Task instructions
Go through the listing below and retype exactly the lines starting at the one with "Schmid Zell - der" and ending at the one with "236 c mo fre", skipping pictures.

Stored data

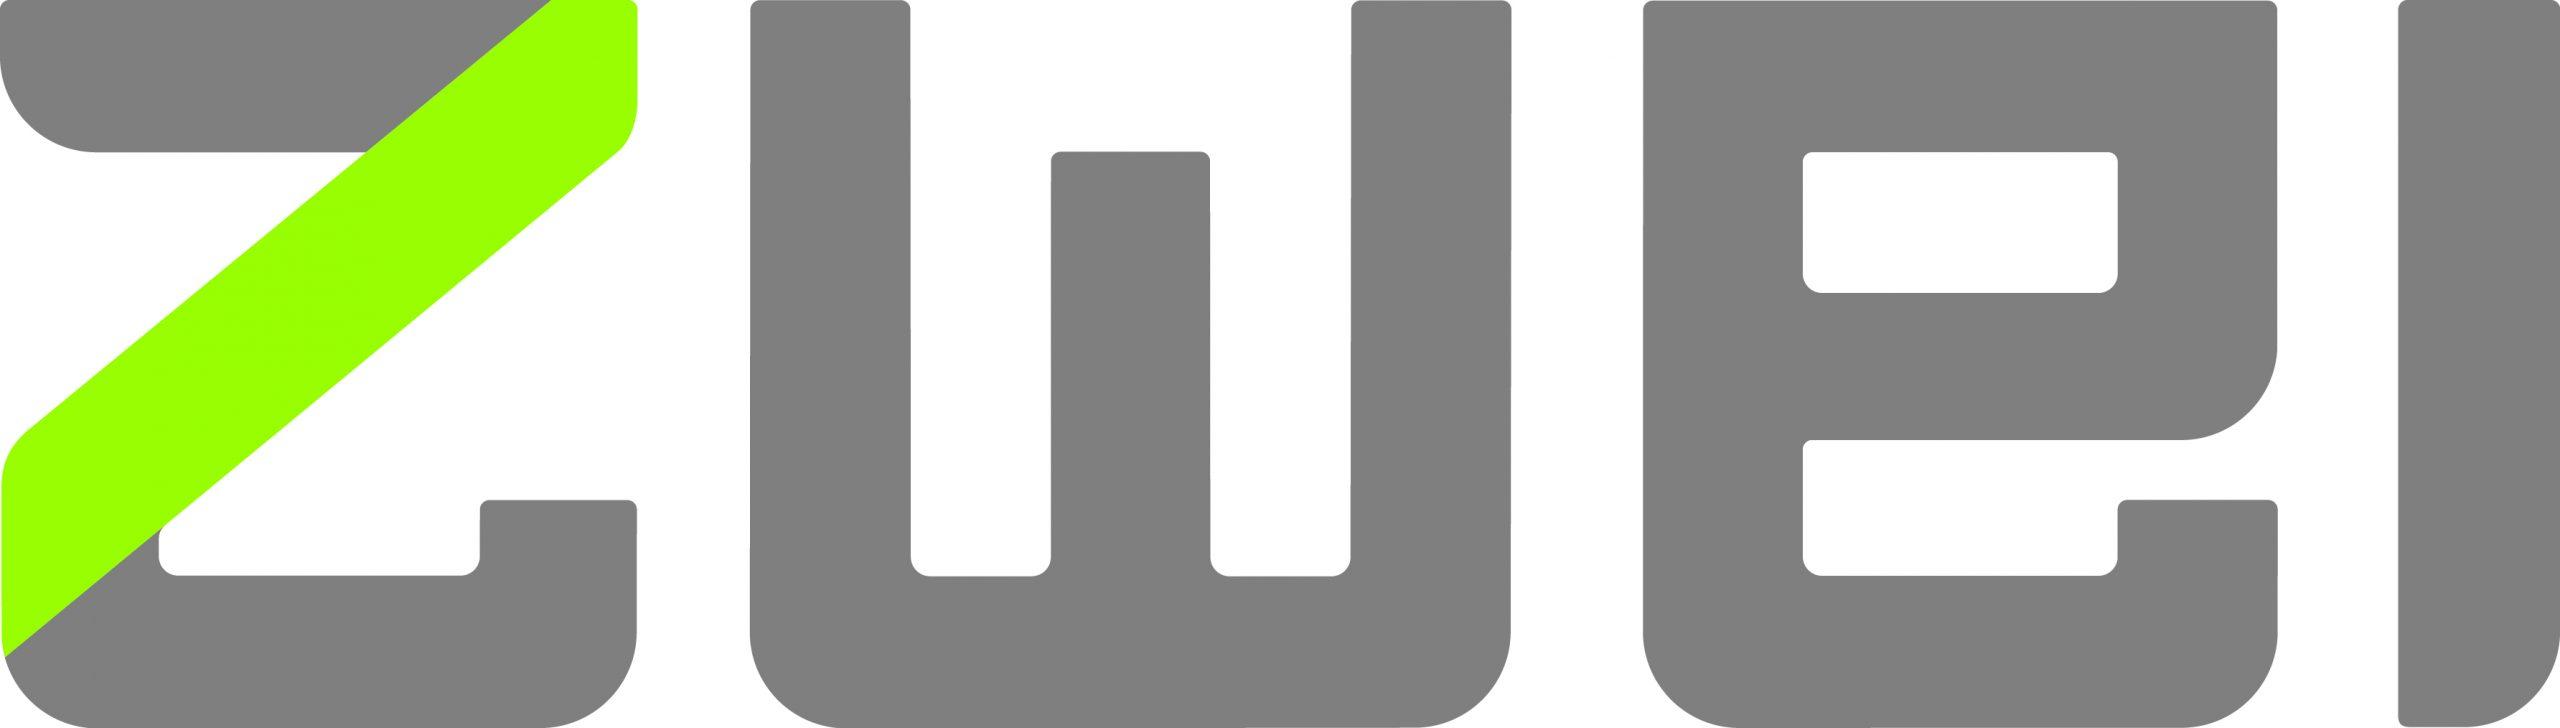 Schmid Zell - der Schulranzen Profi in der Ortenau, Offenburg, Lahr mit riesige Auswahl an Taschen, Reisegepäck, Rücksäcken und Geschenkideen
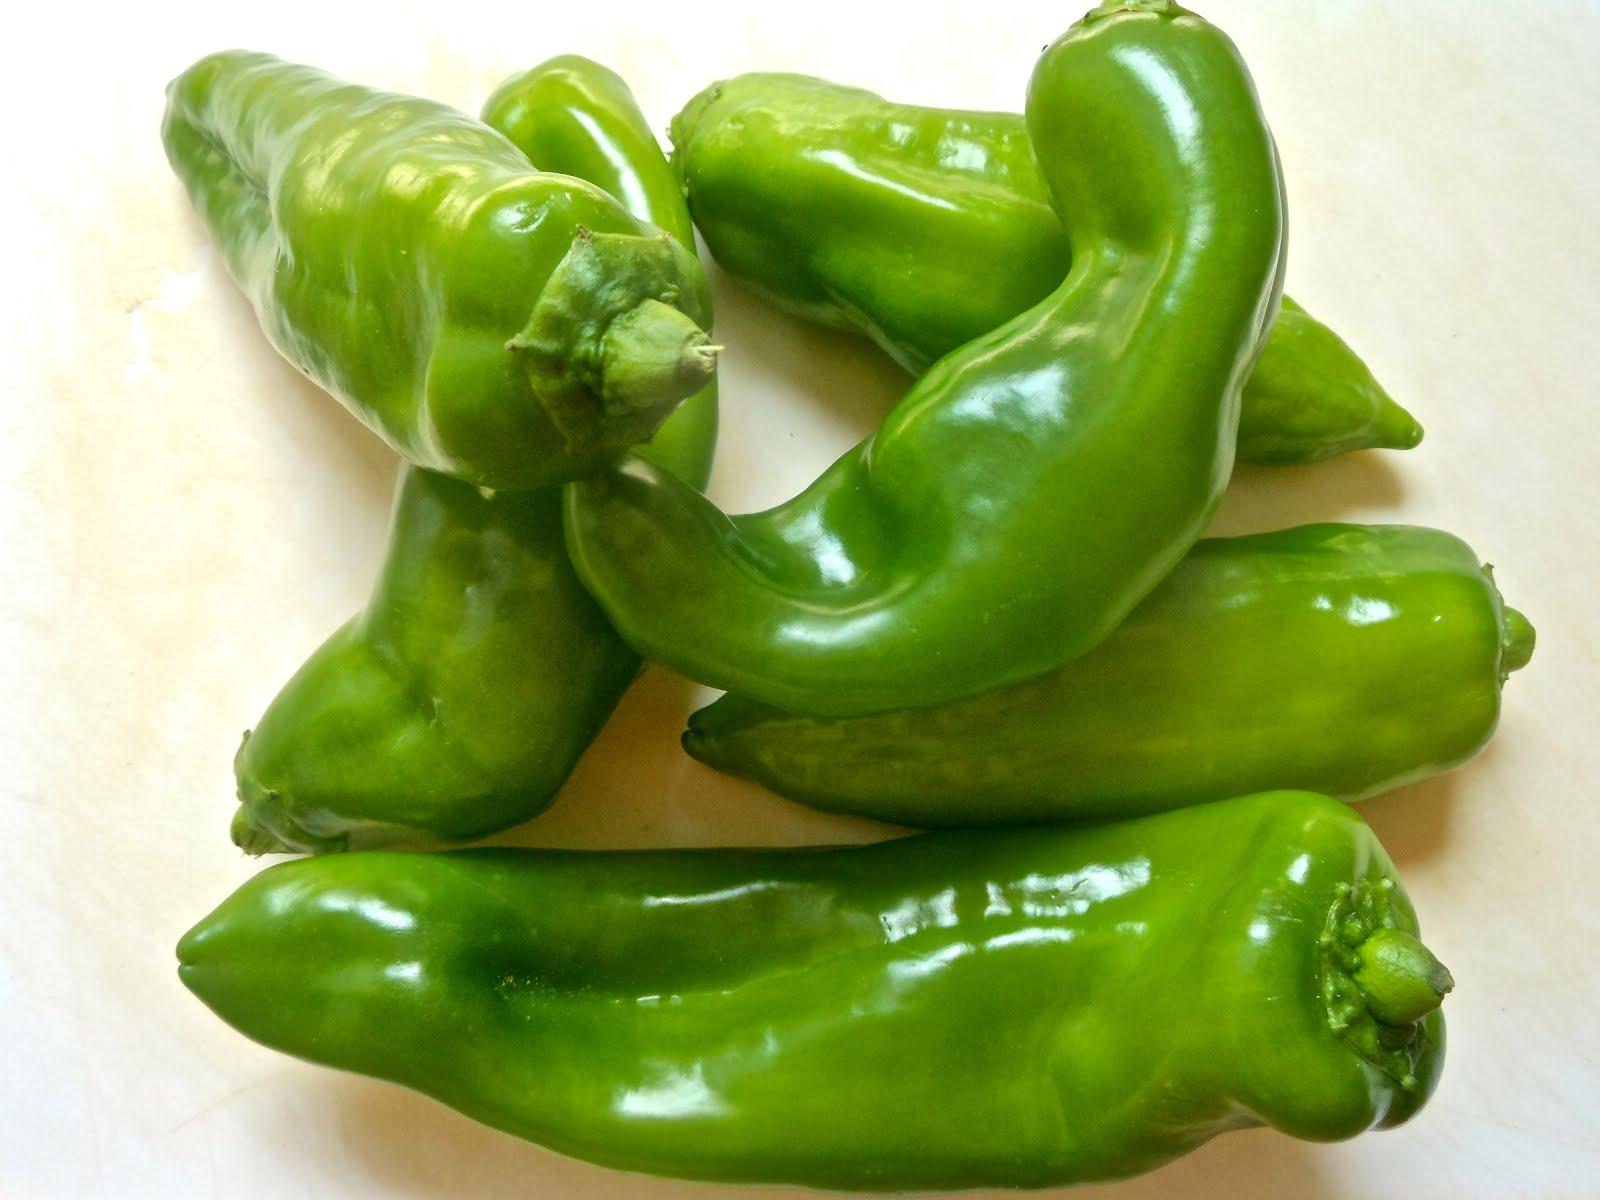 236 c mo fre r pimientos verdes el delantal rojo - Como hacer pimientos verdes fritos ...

==

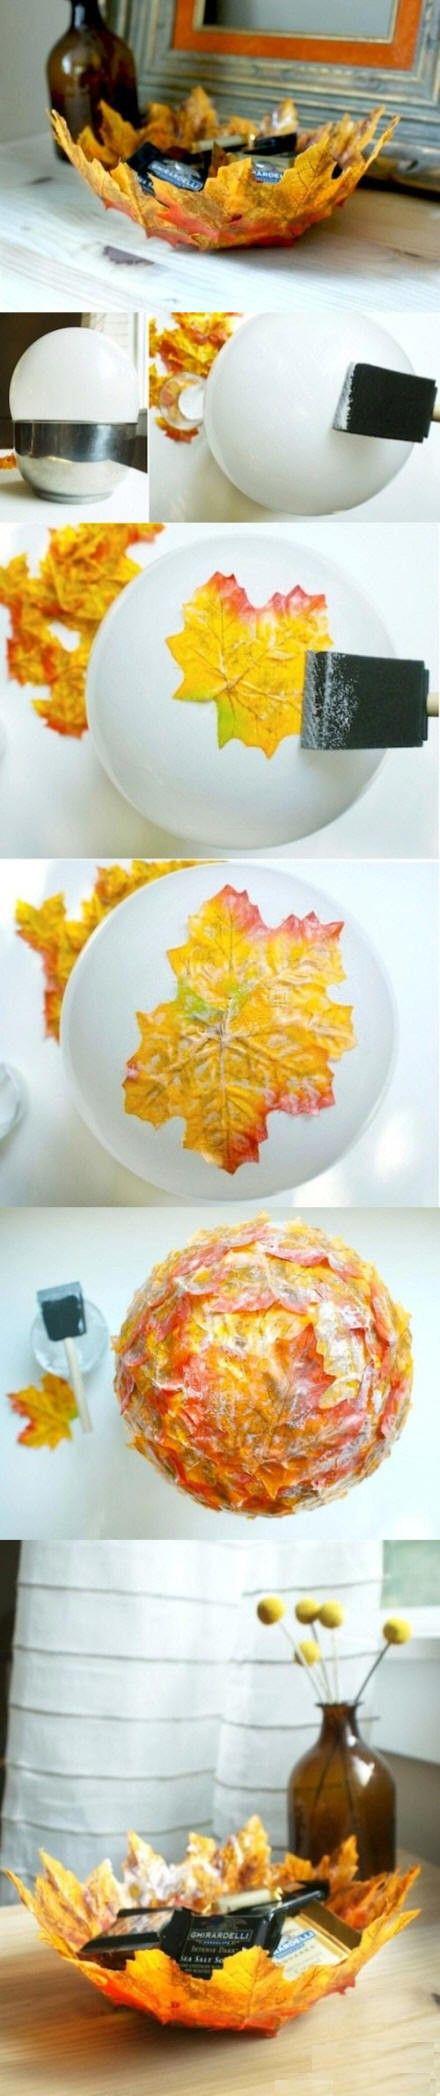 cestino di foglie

Answer below
 Schmid Zell - der Schulranzen Profi in der Ortenau, Offenburg, Lahr mit riesige Auswahl an Taschen, Reisegepäck, Rücksäcken und Geschenkideen
 236 c mo fre r pimientos verdes el delantal rojo - Como hacer pimientos verdes fritos ...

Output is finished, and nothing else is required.